● **What to work on**
Restate word for word the material below, starting at the line that contains "Sorridendo ragazzino che" and stopping after the last line; skip pictures.

● **The data**

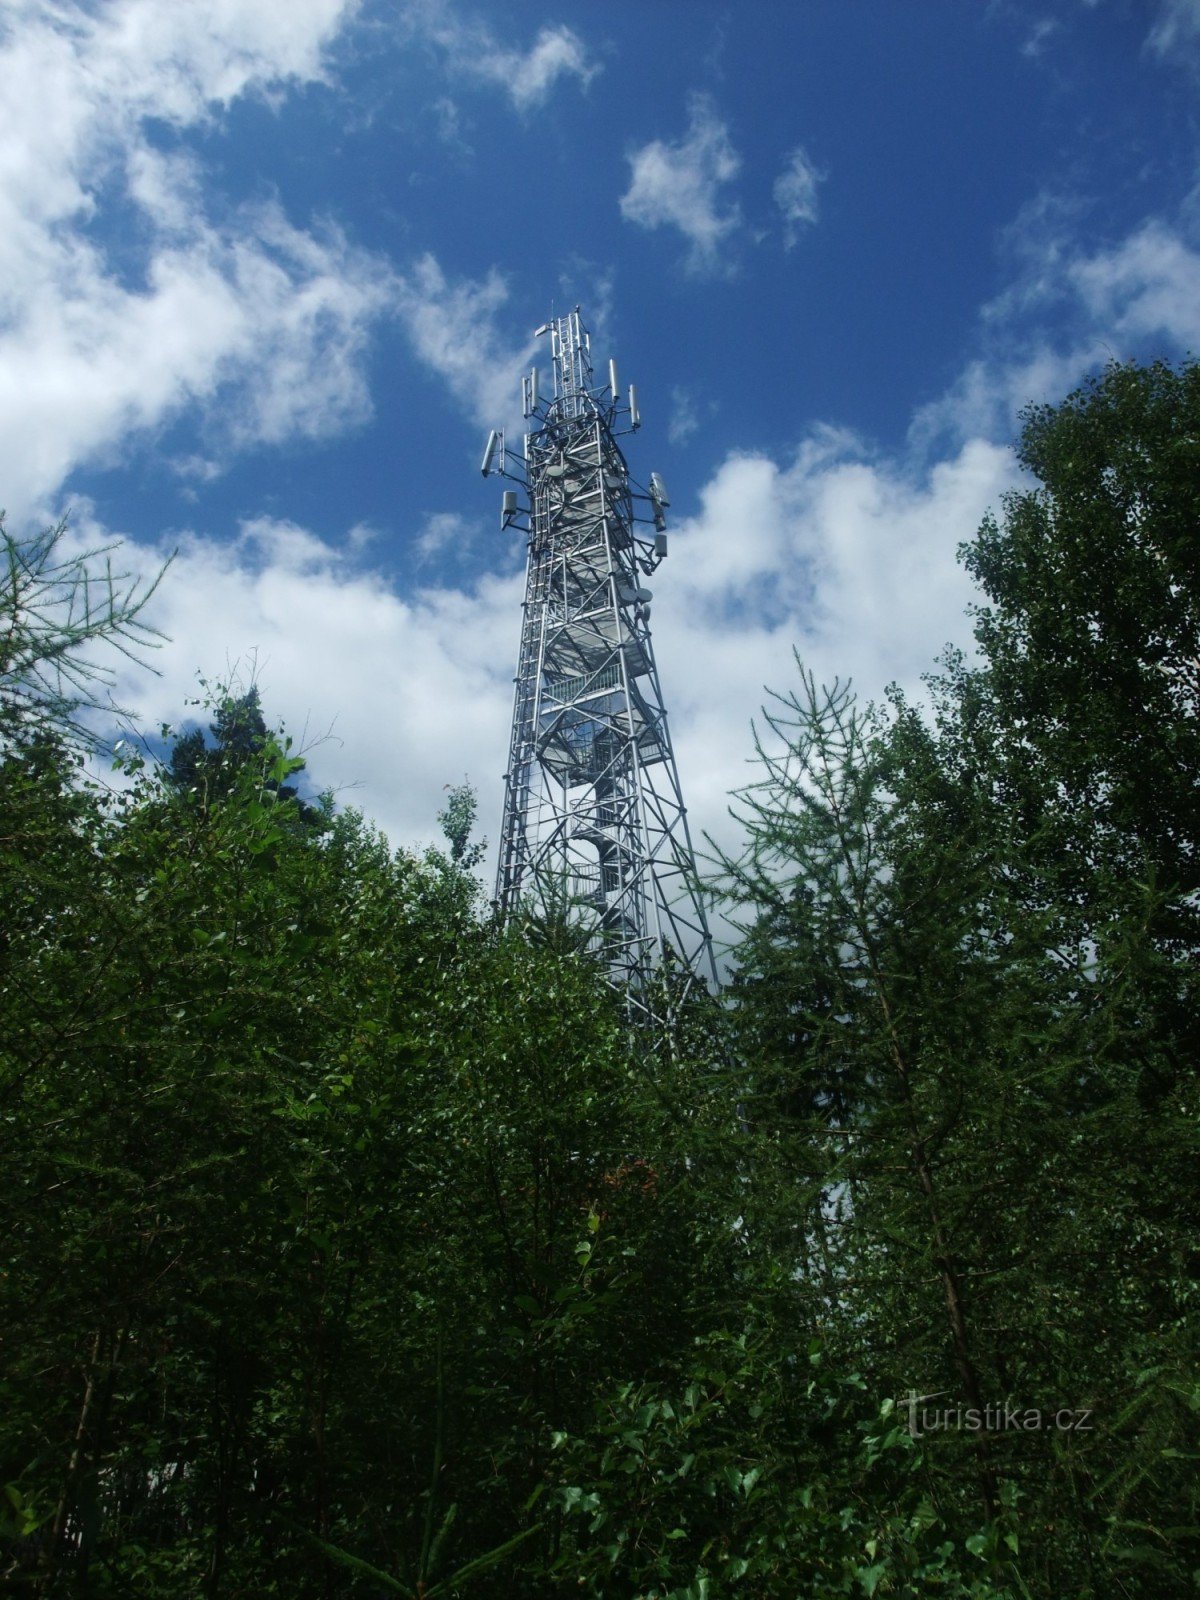 Tháp quan sát Tobiášův vrch
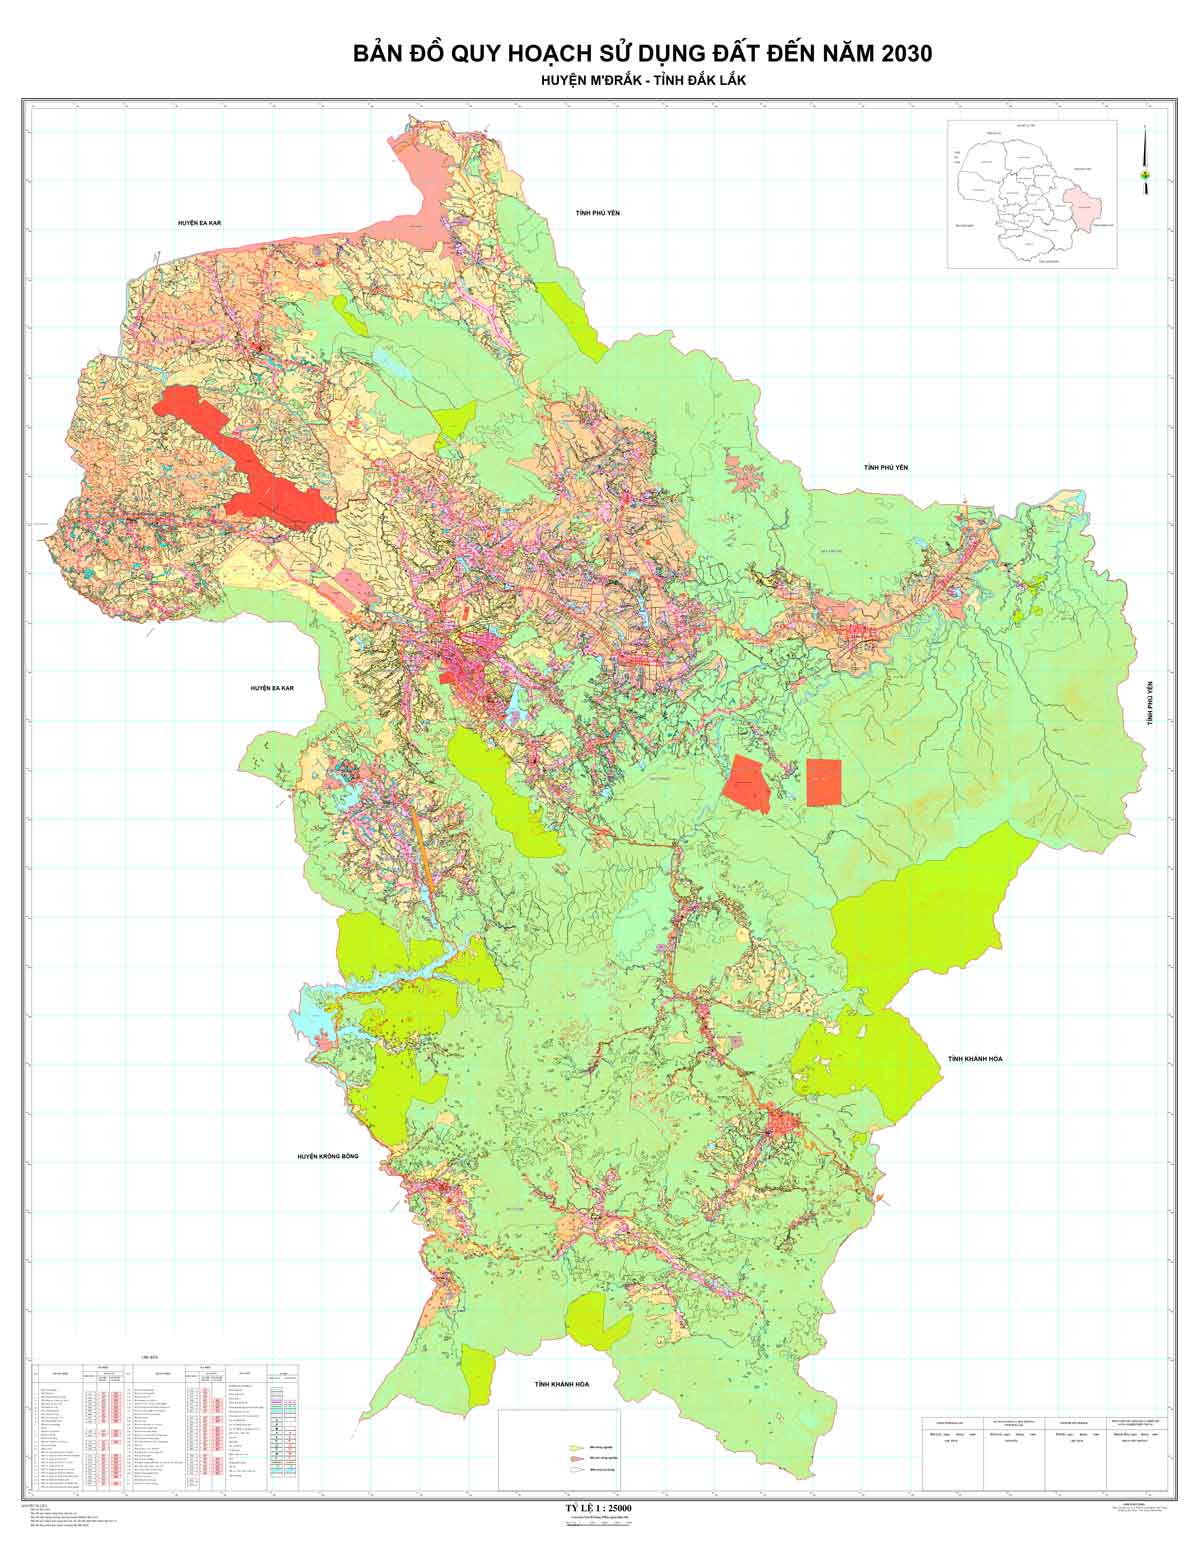 Bản đồ QHSDĐ huyện M'Đrắk đến năm 2030
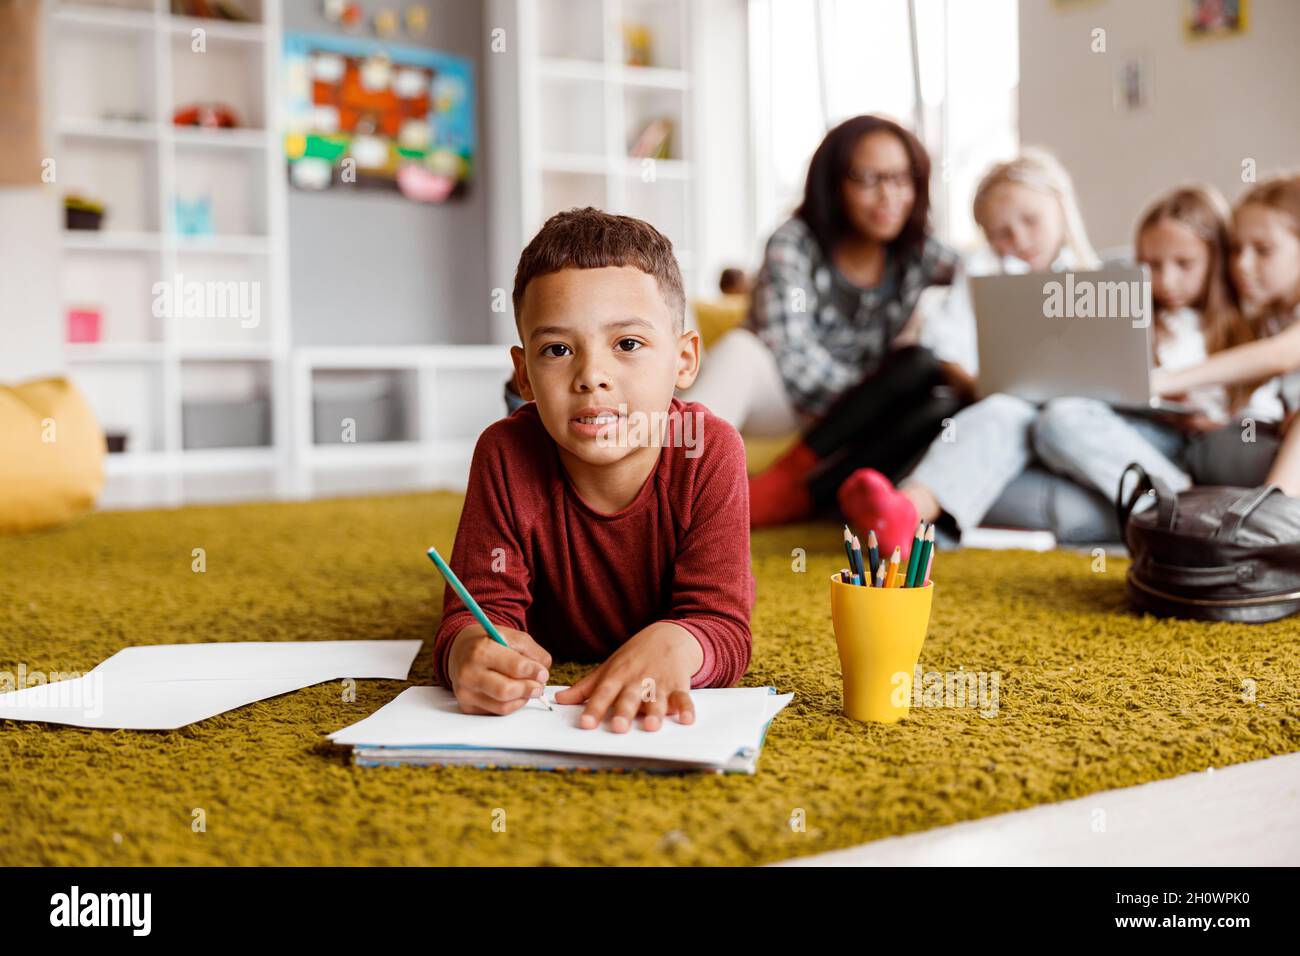 Sorridendo ragazzino che tiene una matita e che disegnava su carta sul pavimento Foto Stock
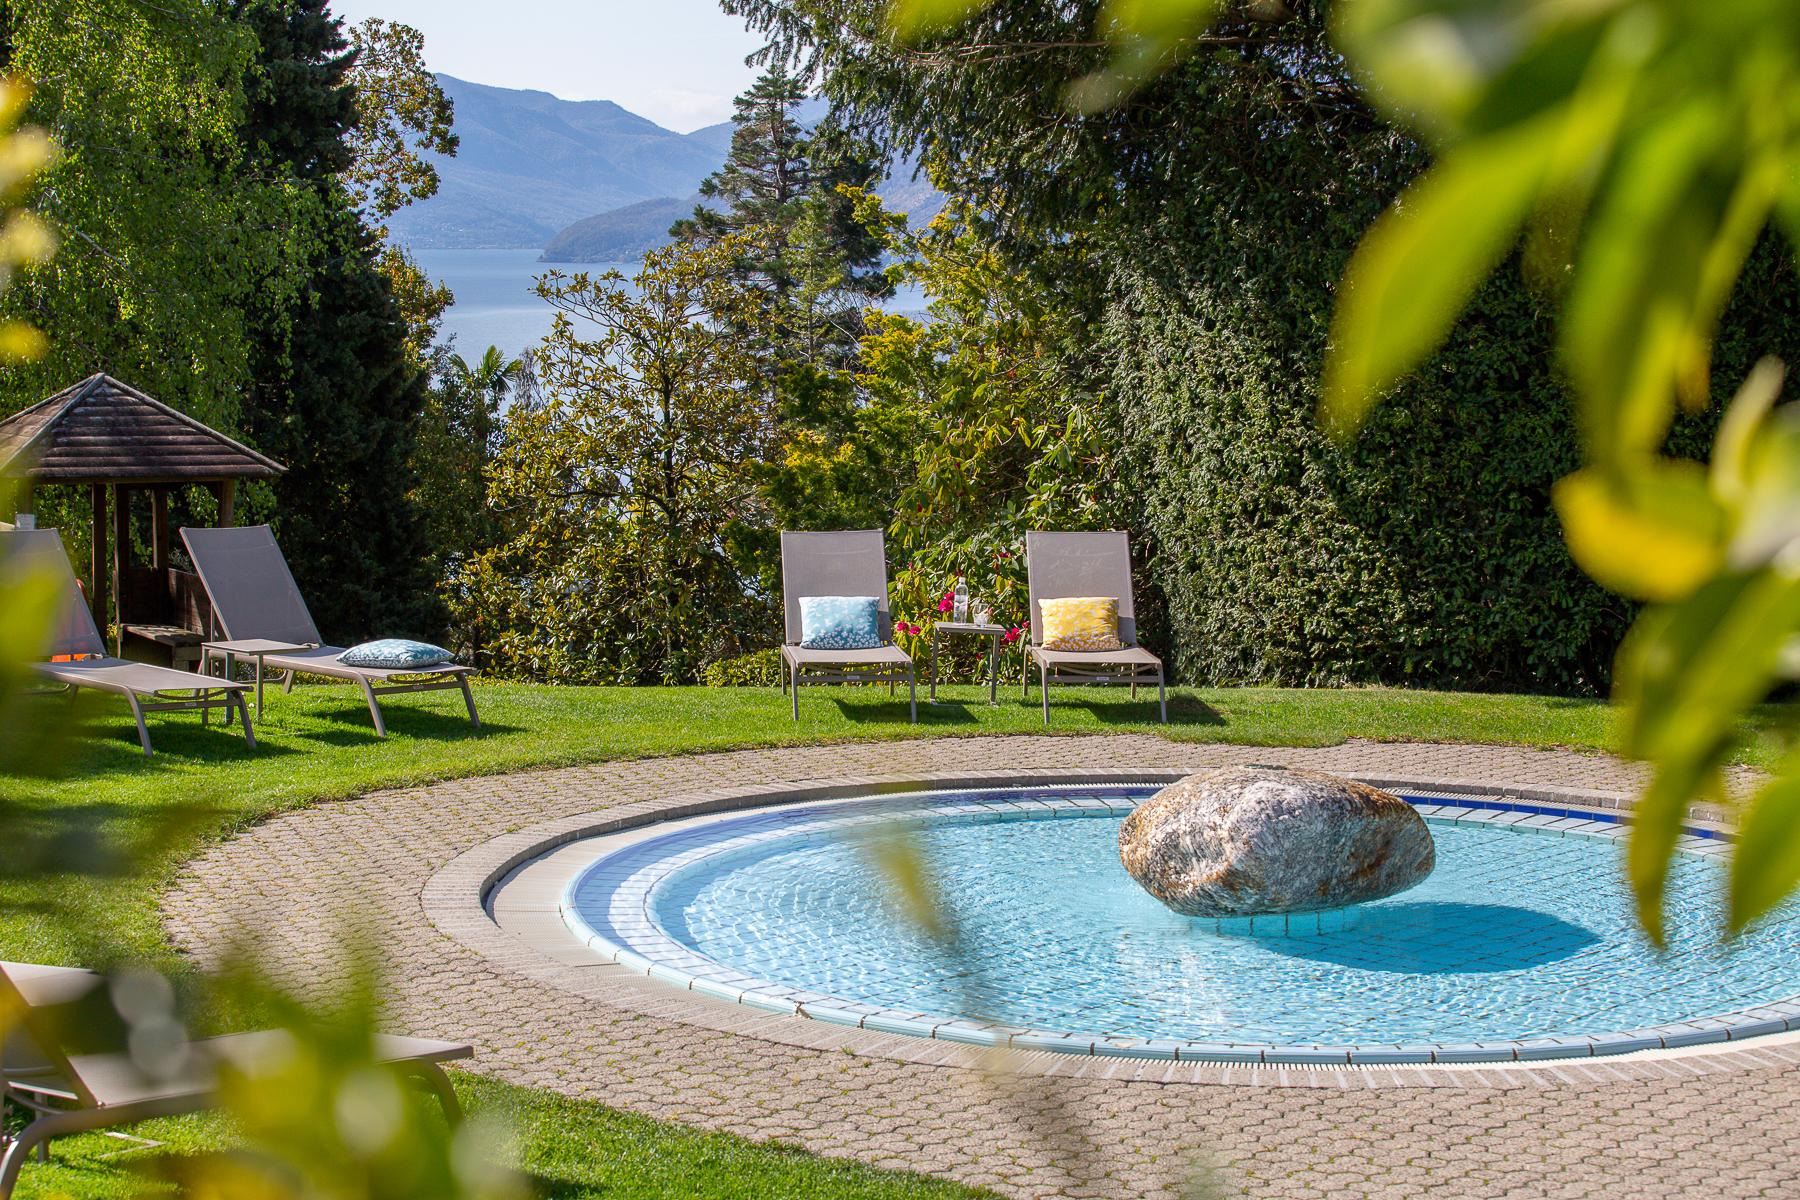 Park-Hotel-Brenscino-experience-Pool-06.jpg
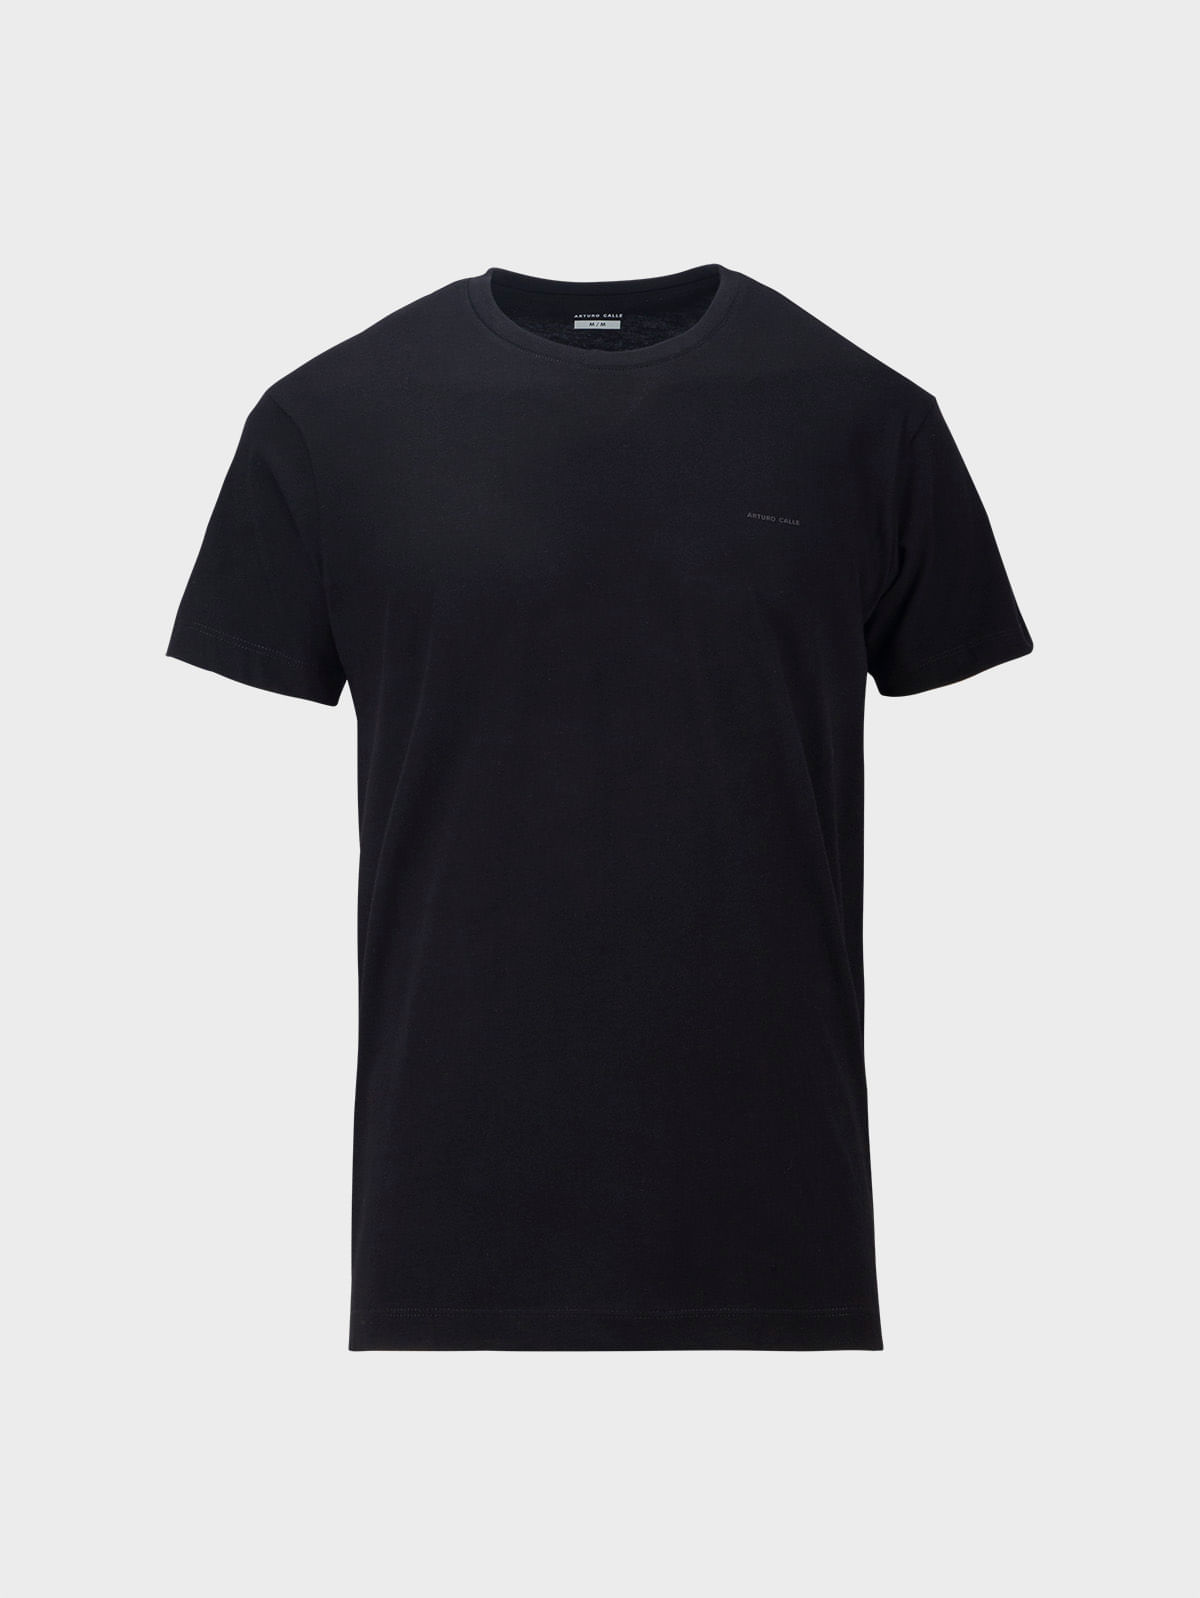 INC - Camiseta básica para hombre, color negro, talla L, Negro

● **Problem solution**
 Sorridendo ragazzino che tiene una matita e che disegnava su carta sul pavimento Foto Stock
 Park-Hotel-Brenscino-experience-Pool-06.jpg
 INC - Camiseta básica para hombre, color negro, talla L, Negro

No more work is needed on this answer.